GIVEN DATA:
• • • • • • •

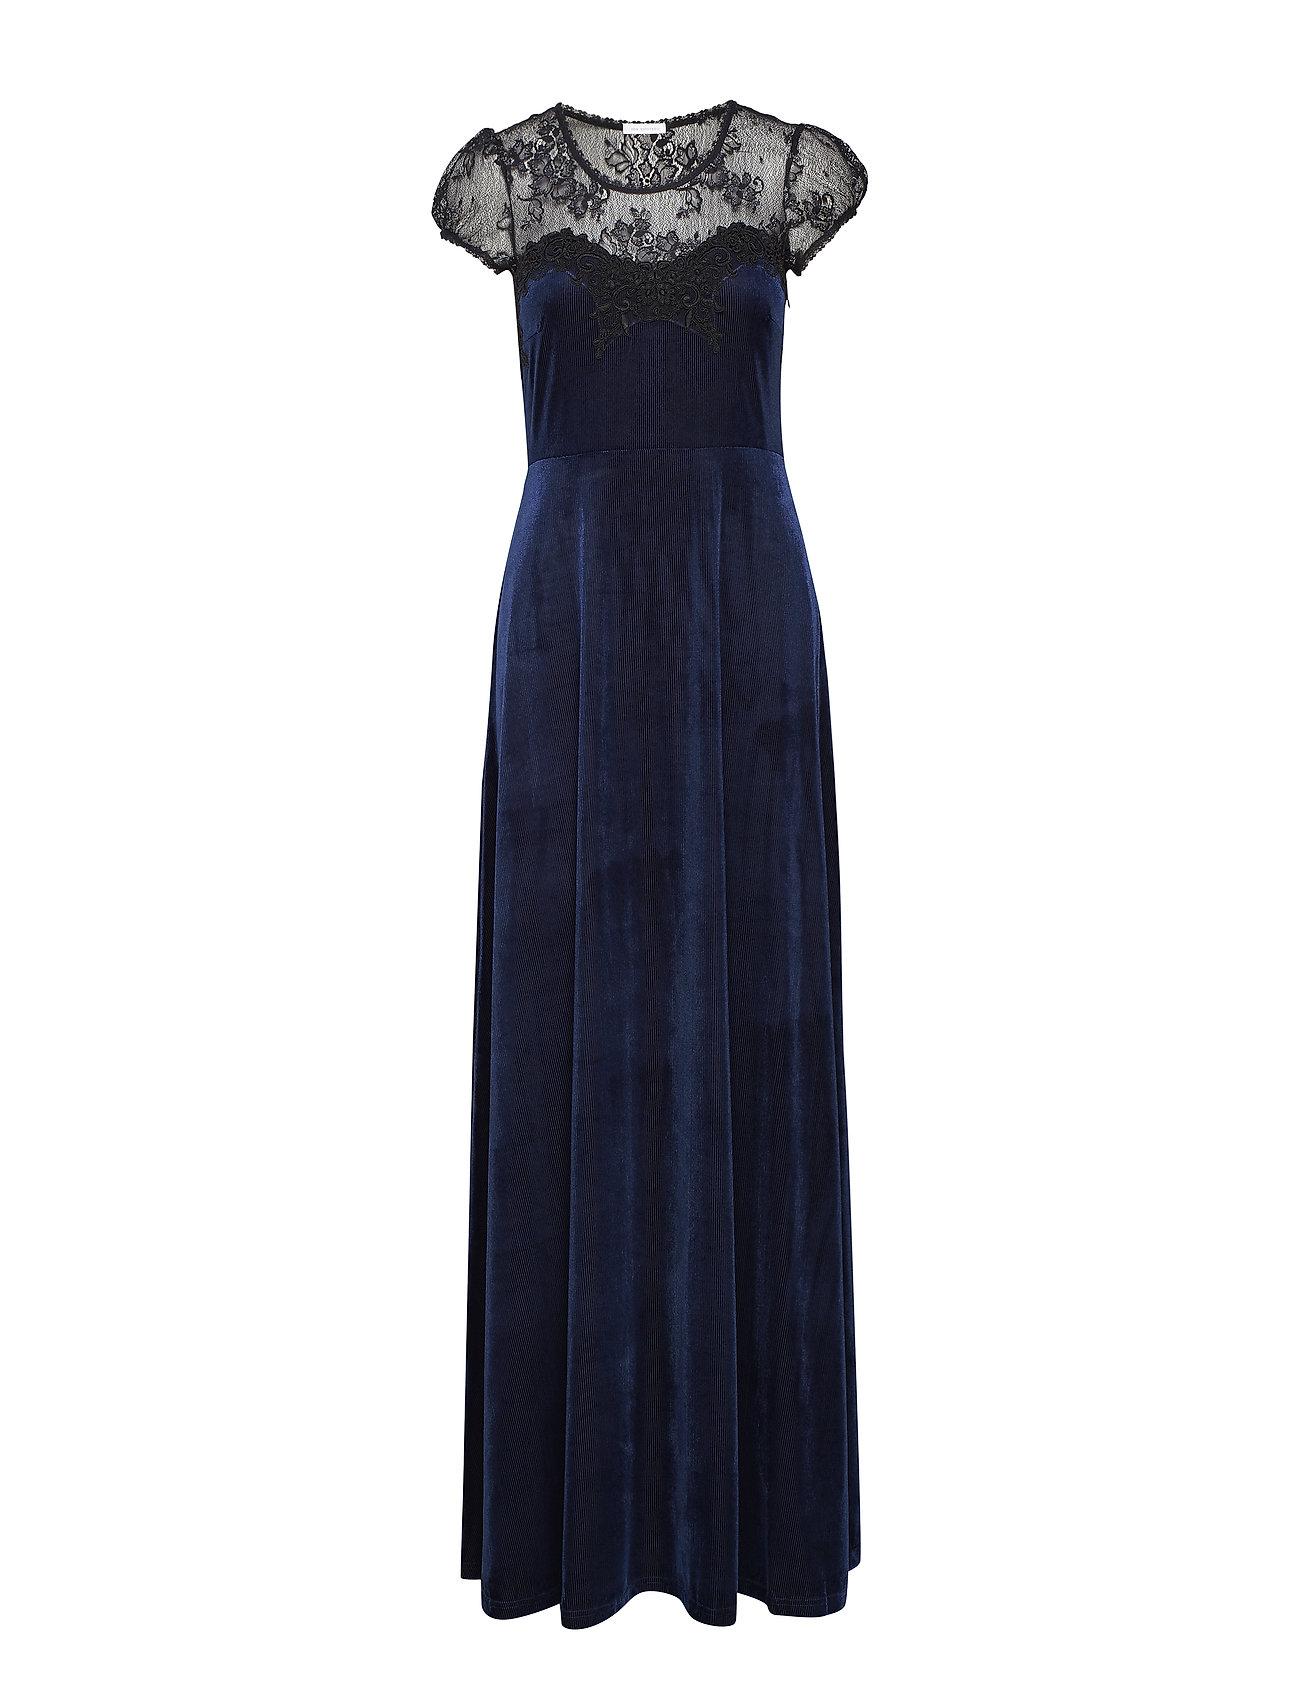 Ida Sjöstedt Dynasty Dress - NAVY
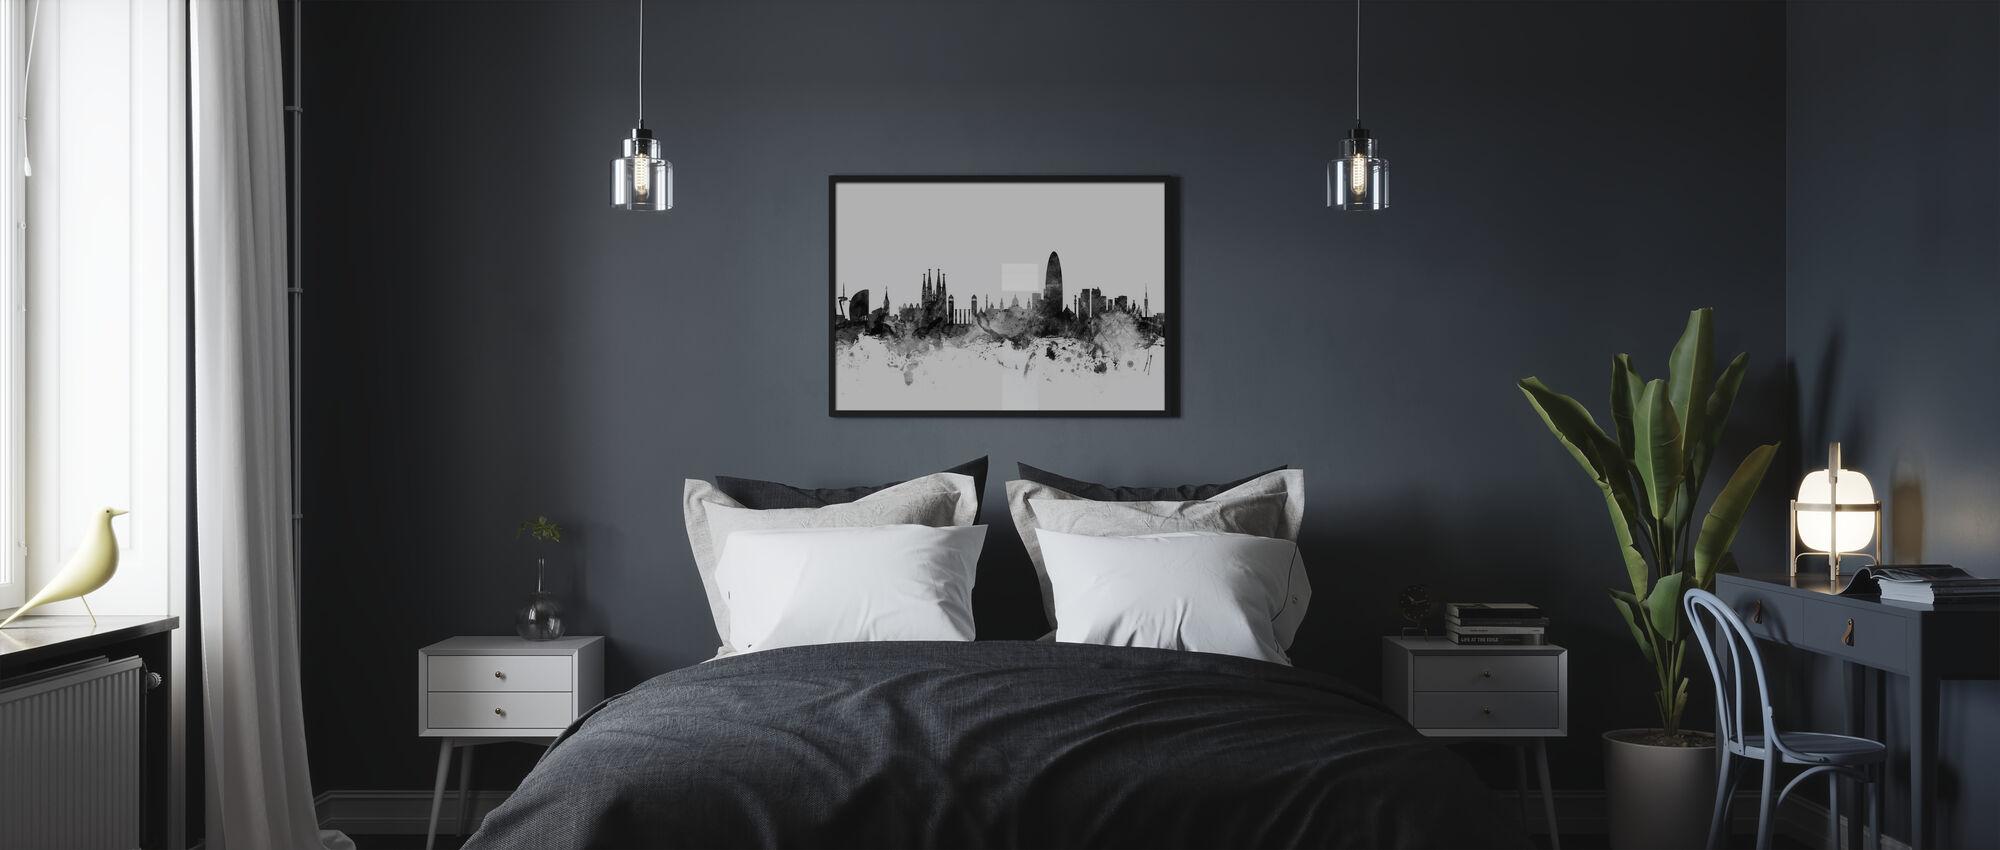 Barcelona Skyline Black - Poster - Bedroom
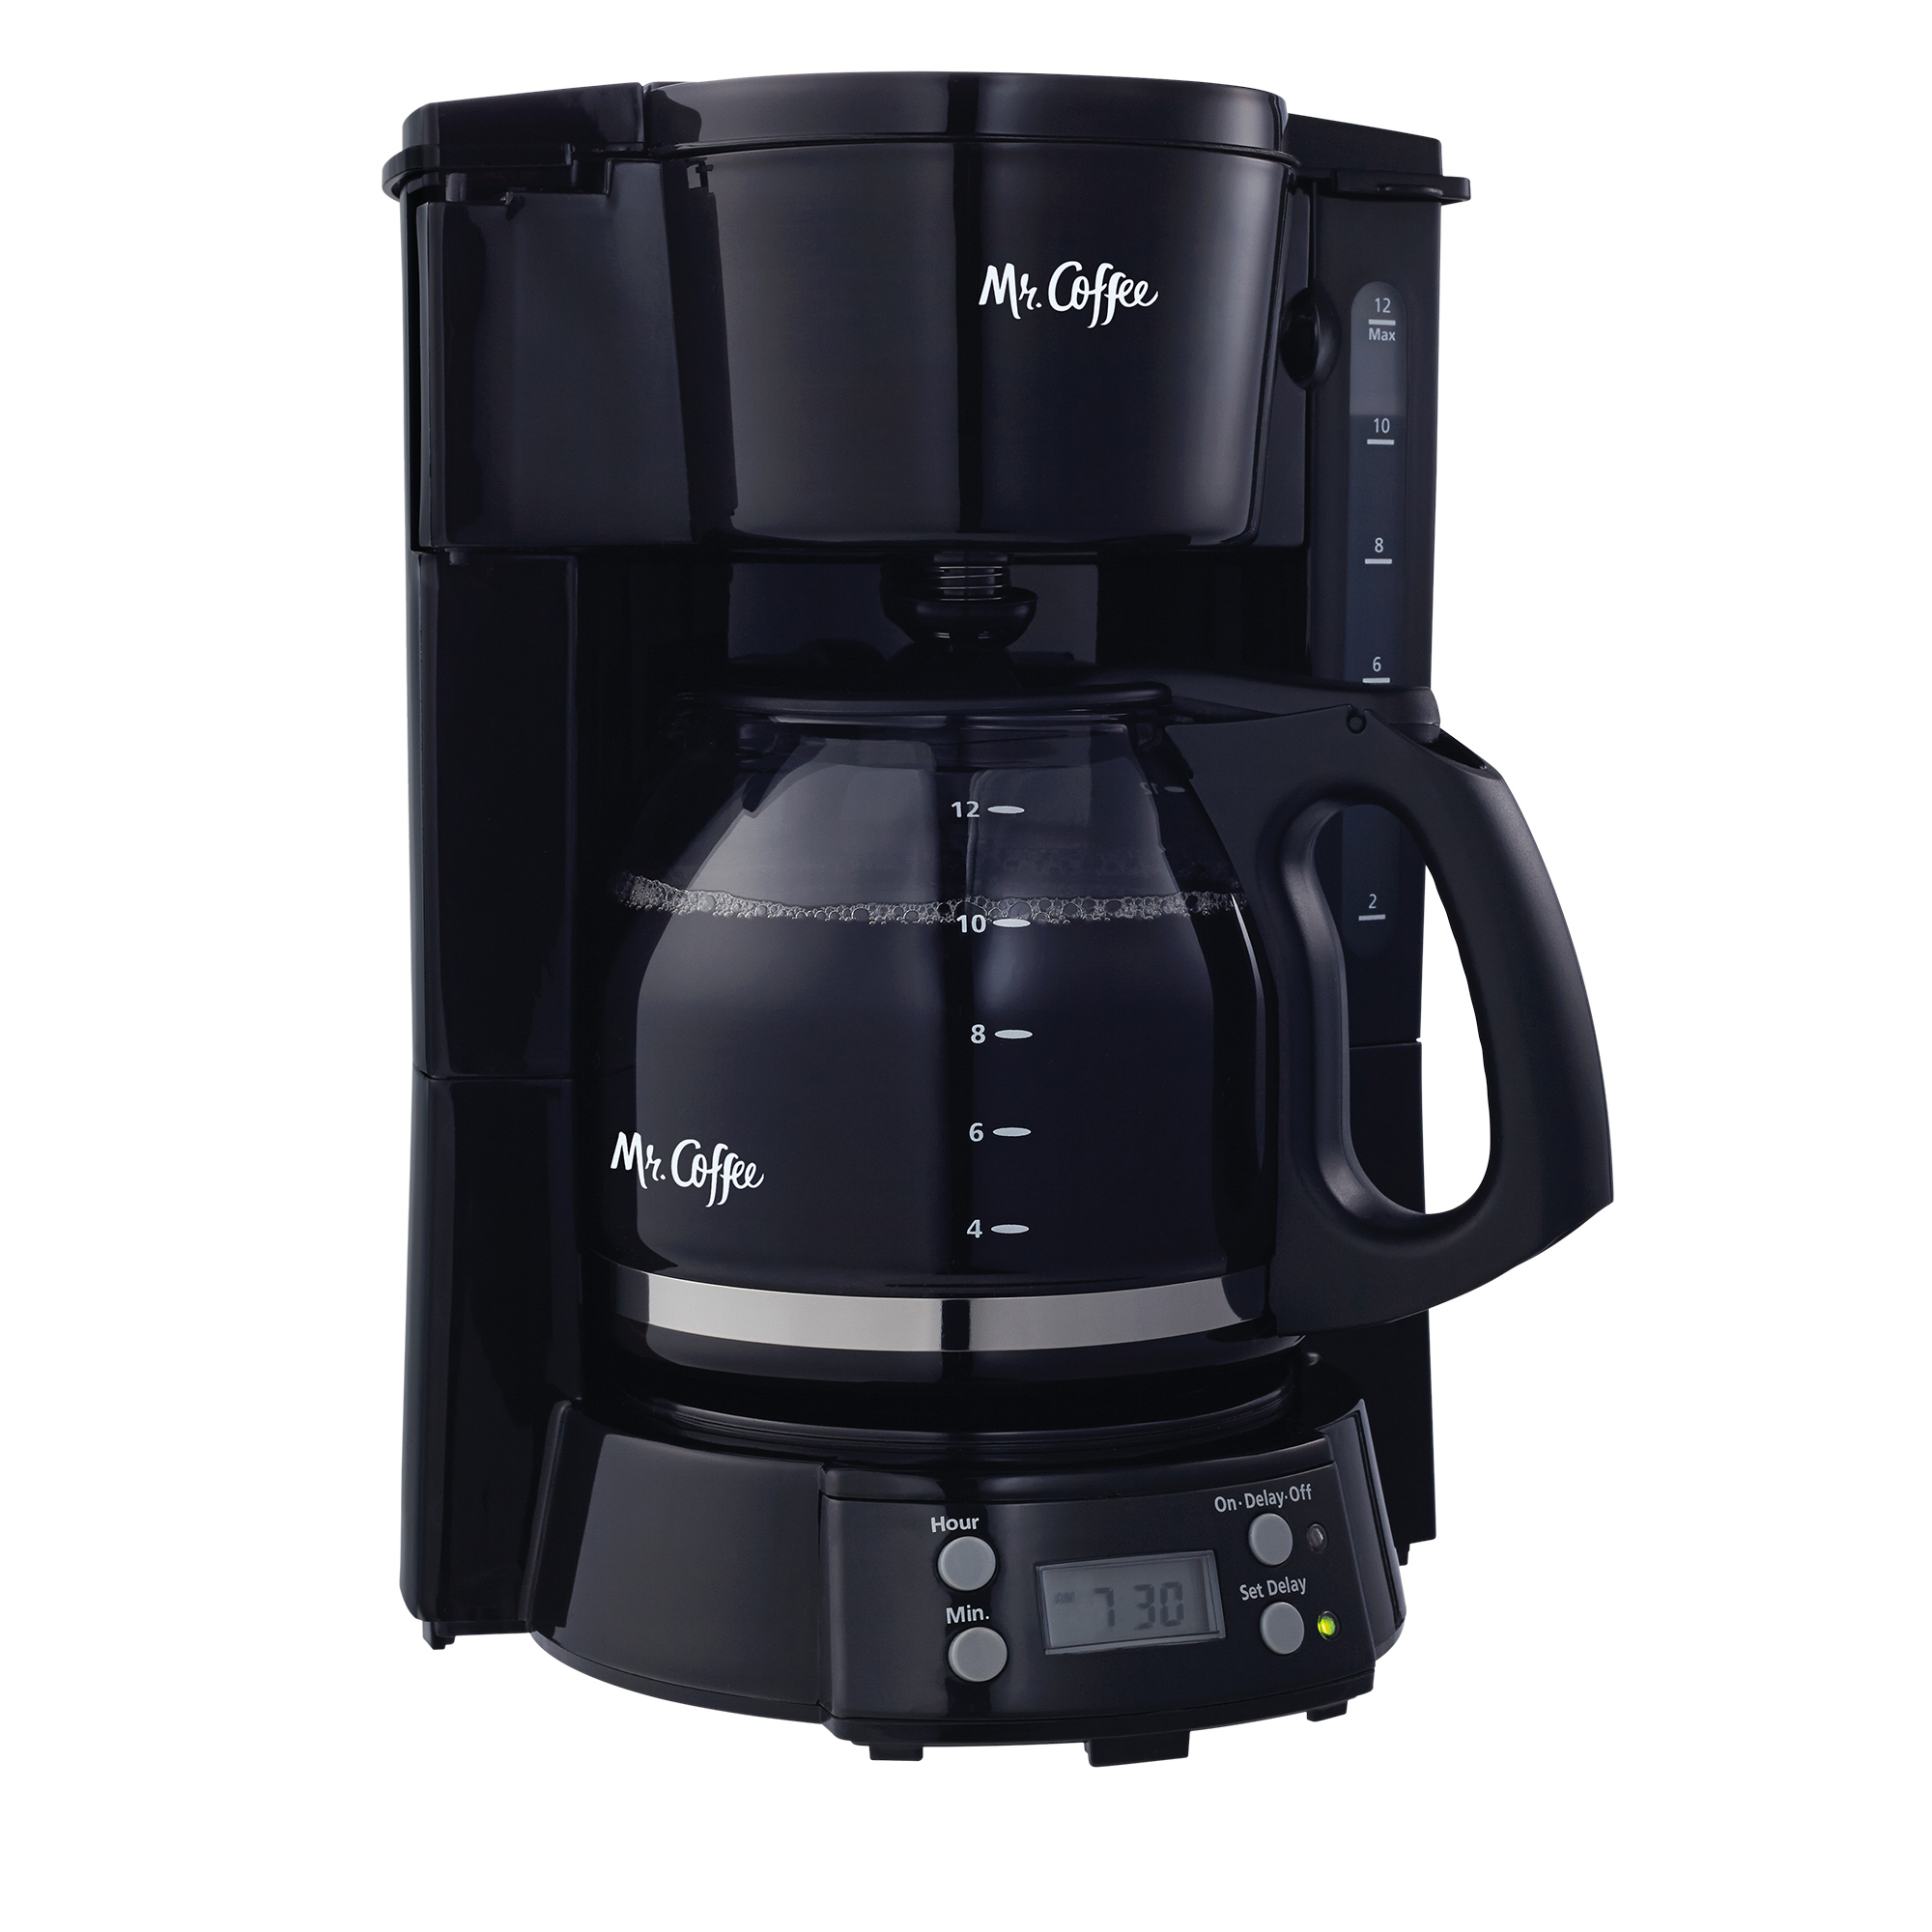 Mr. Coffee 12-Cup Programmable Coffee Maker, Black (BVMC-EVX23)

• • • • • • •

PROBLEM STATEMENT: Restate the listing word for word, pictures excluded.

RESPONSE TO THIS EXERCISE:
 Ida Sjöstedt Dynasty Dress - NAVY
 Barcelona Skyline Black - Poster - Bedroom
 Mr. Coffee 12-Cup Programmable Coffee Maker, Black (BVMC-EVX23)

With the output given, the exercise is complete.